:: Brief ::
Every entry below should be printed exactly, without its images.

:: Records for processing ::
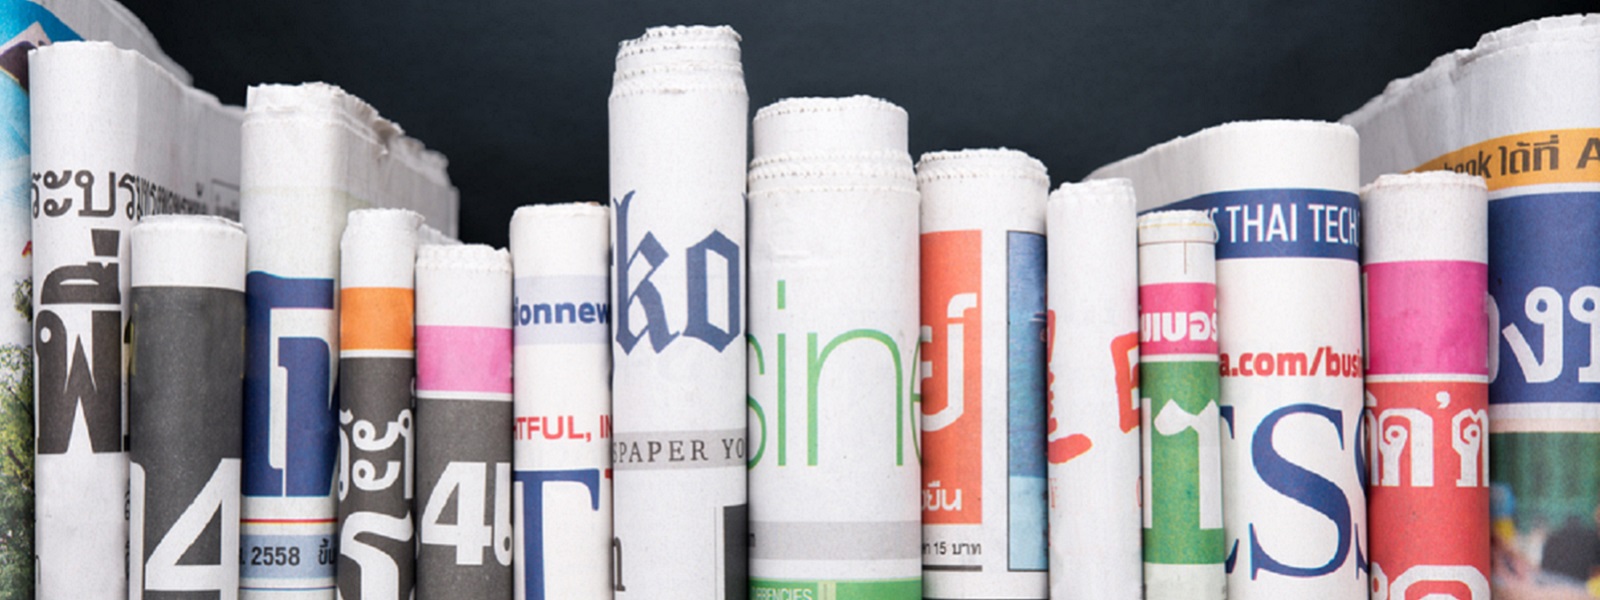 Folded newspapers
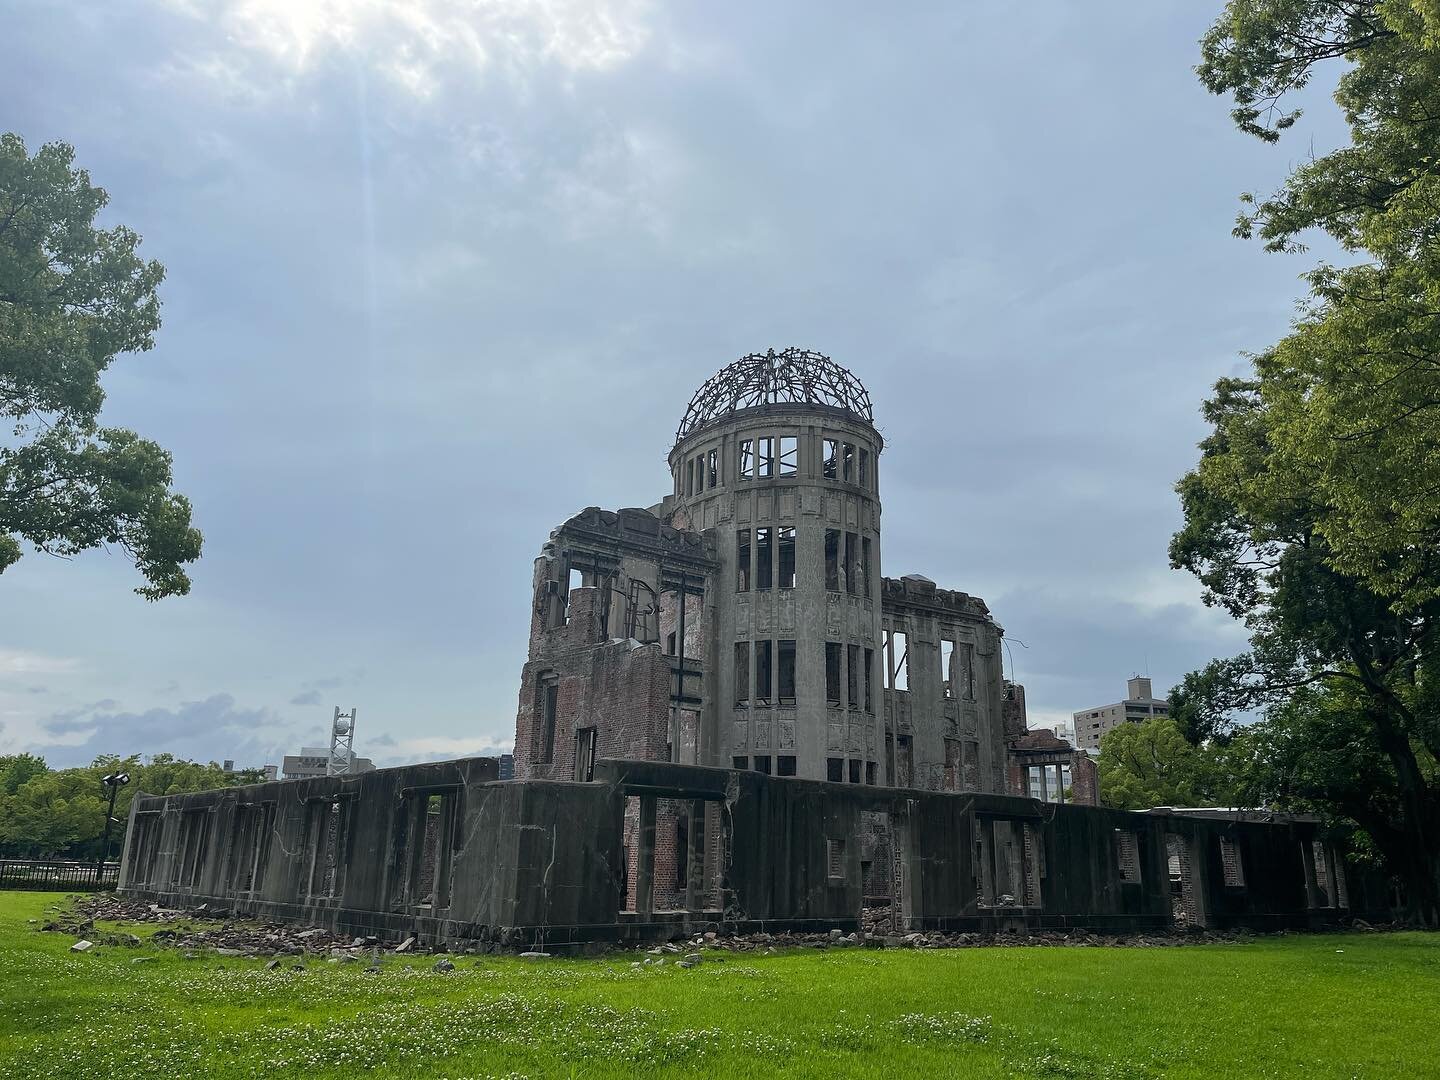 ☀️ Hiroshima ☀️

A city rebuilt and redefined&mdash; embracing its past to become one of the most influential contributors in the atomic world. Loved being around all of the history.

Better late than never, didn&rsquo;t feel right not rounding out t
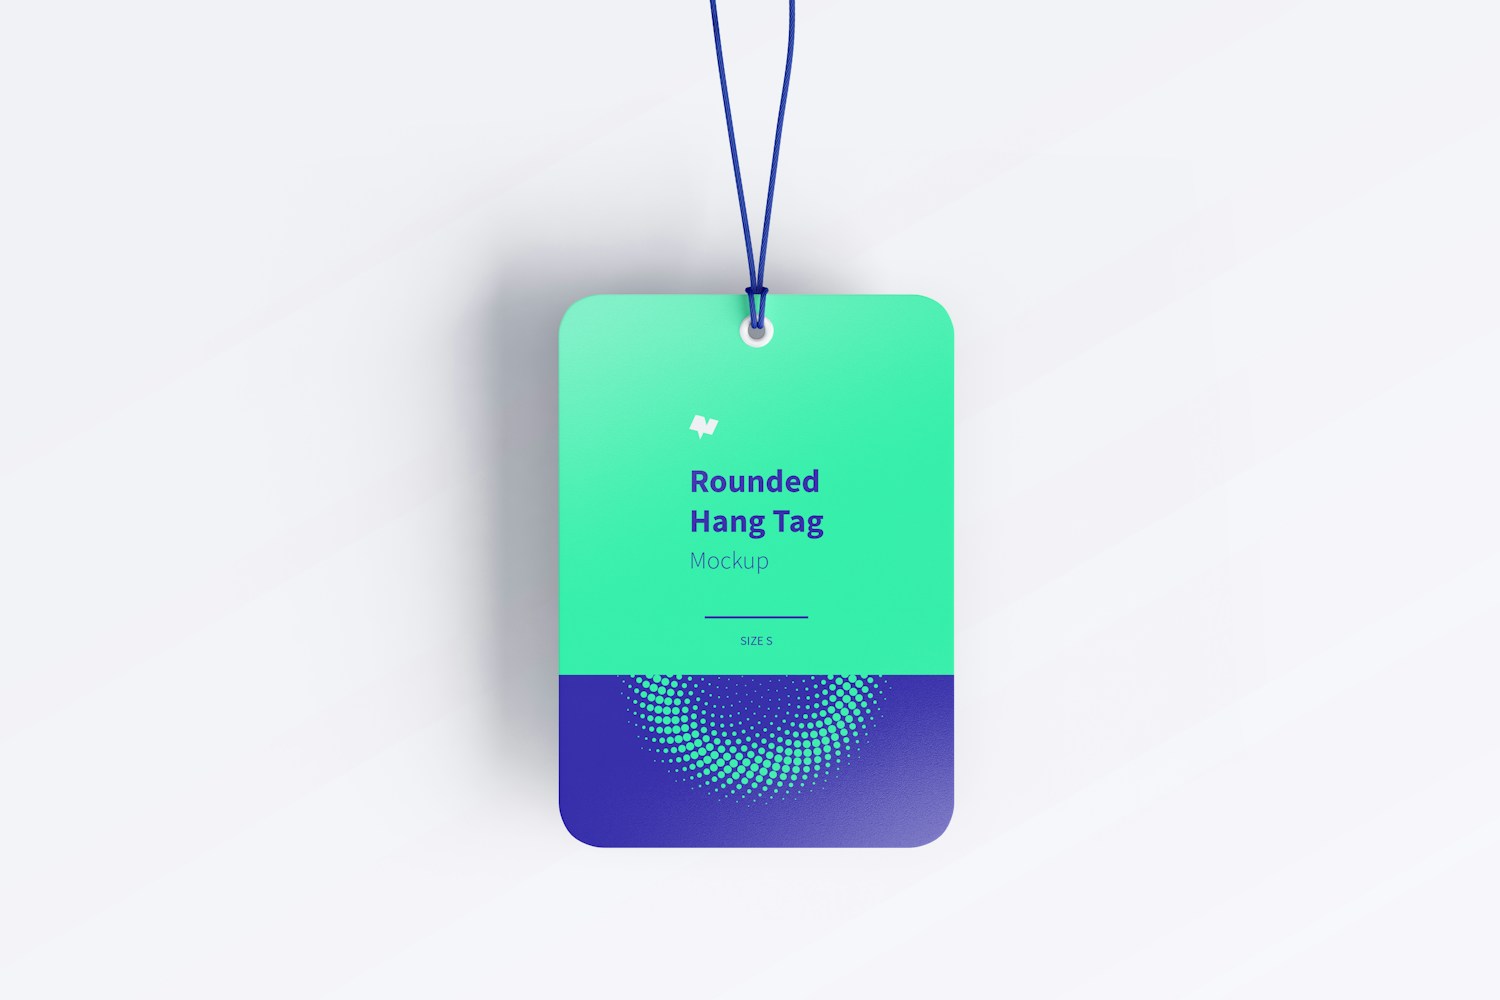 Rounded Hang Tag Mockup with String
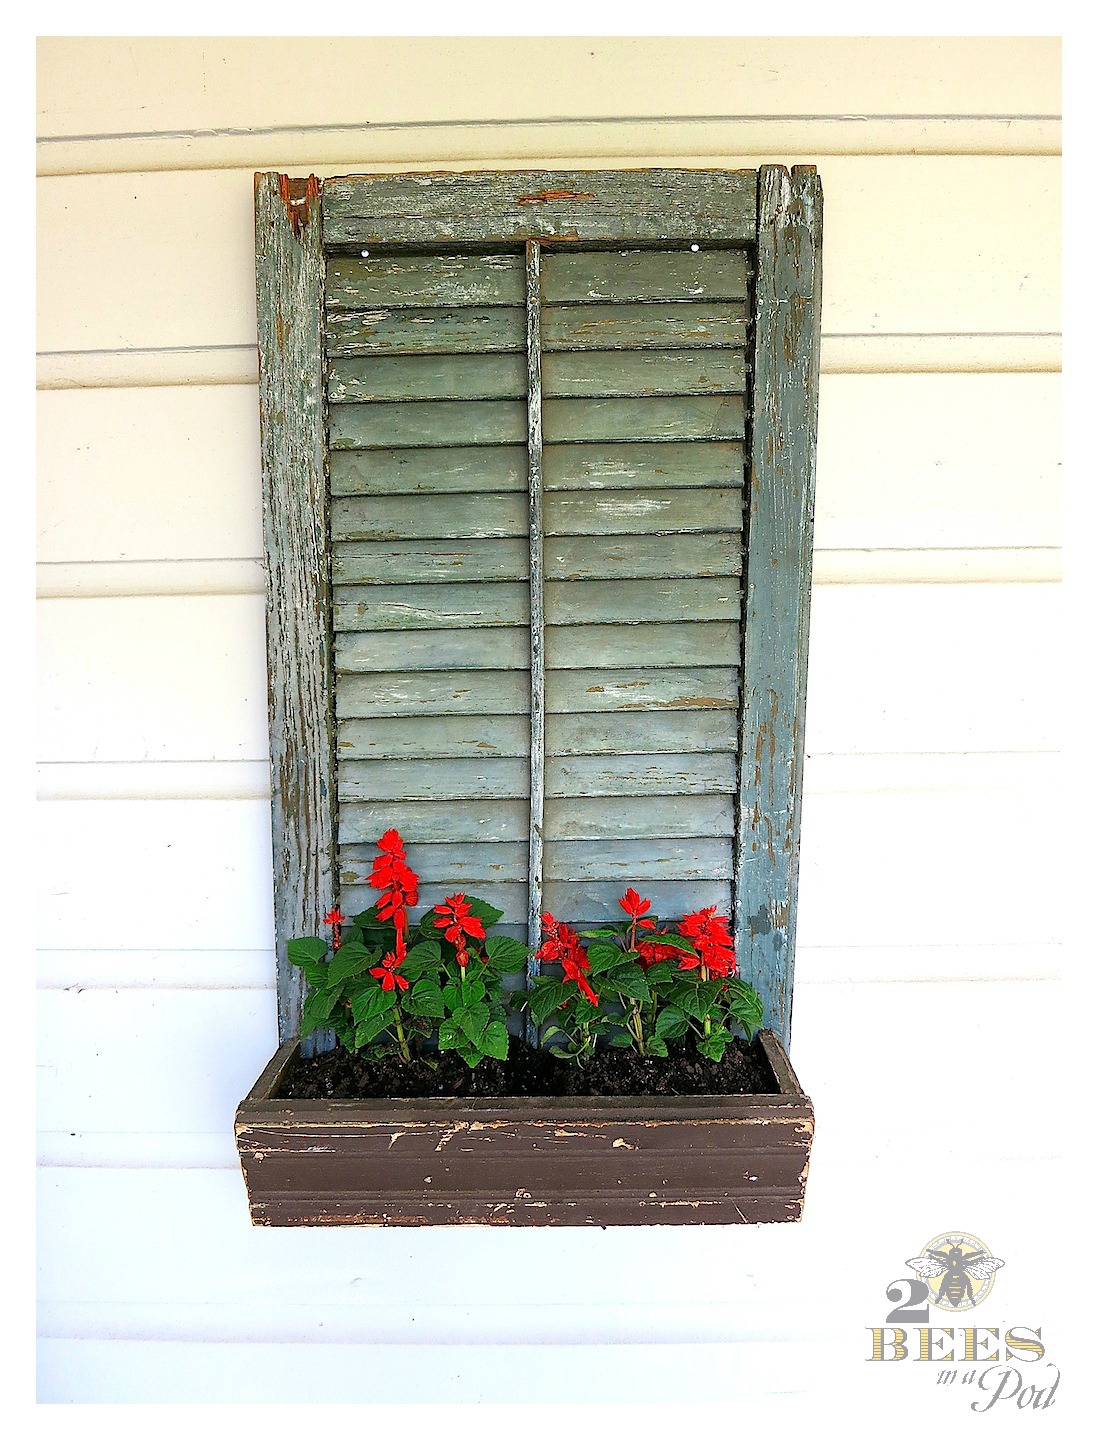 Front Porch Refresh makeover using an outdoor rug, vintage finds and new flowers.
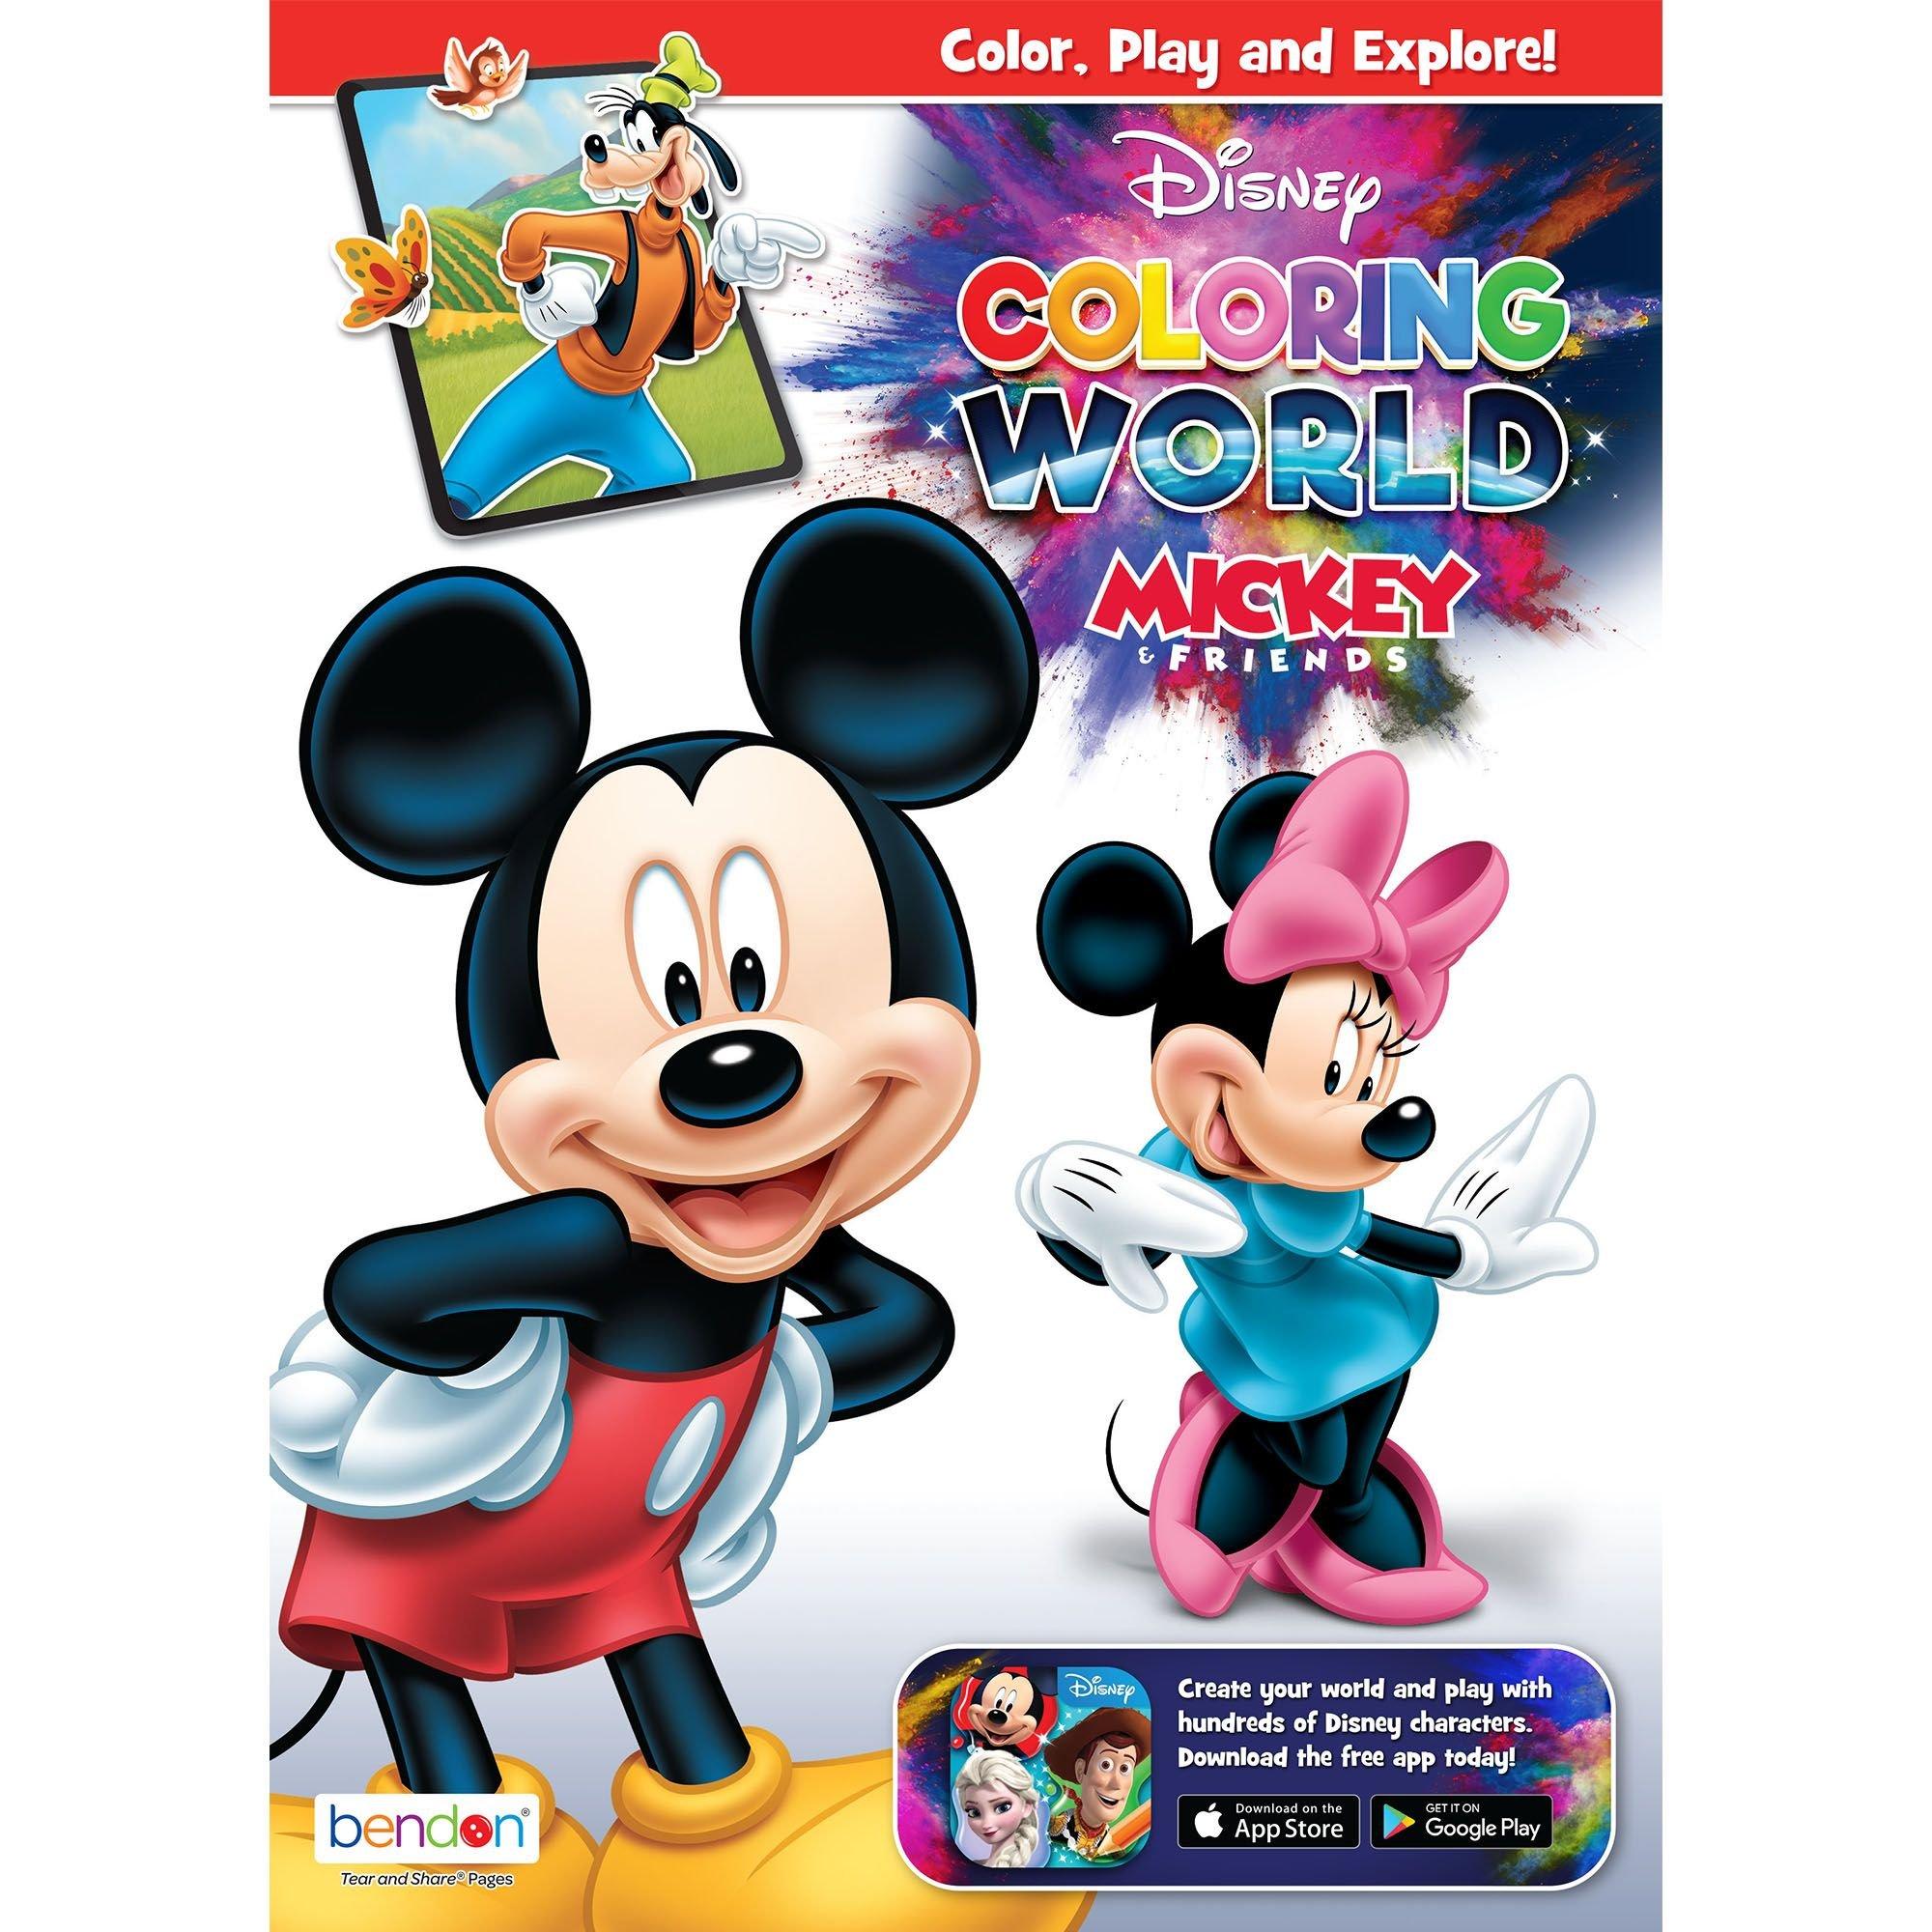 The Happy Planner, Disney, Mickey & Friends Value Pack Stickers

:: Final answer ::
 Folded newspapers
 ☀️ Hiroshima ☀️

A city rebuilt and redefined&mdash; embracing its past to become one of the most influential contributors in the atomic world. Loved being around all of the history.

Better late than never, didn&rsquo;t feel right not rounding out t
 Rounded Hang Tag Mockup with String
 Front Porch Refresh makeover using an outdoor rug, vintage finds and new flowers.
 The Happy Planner, Disney, Mickey & Friends Value Pack Stickers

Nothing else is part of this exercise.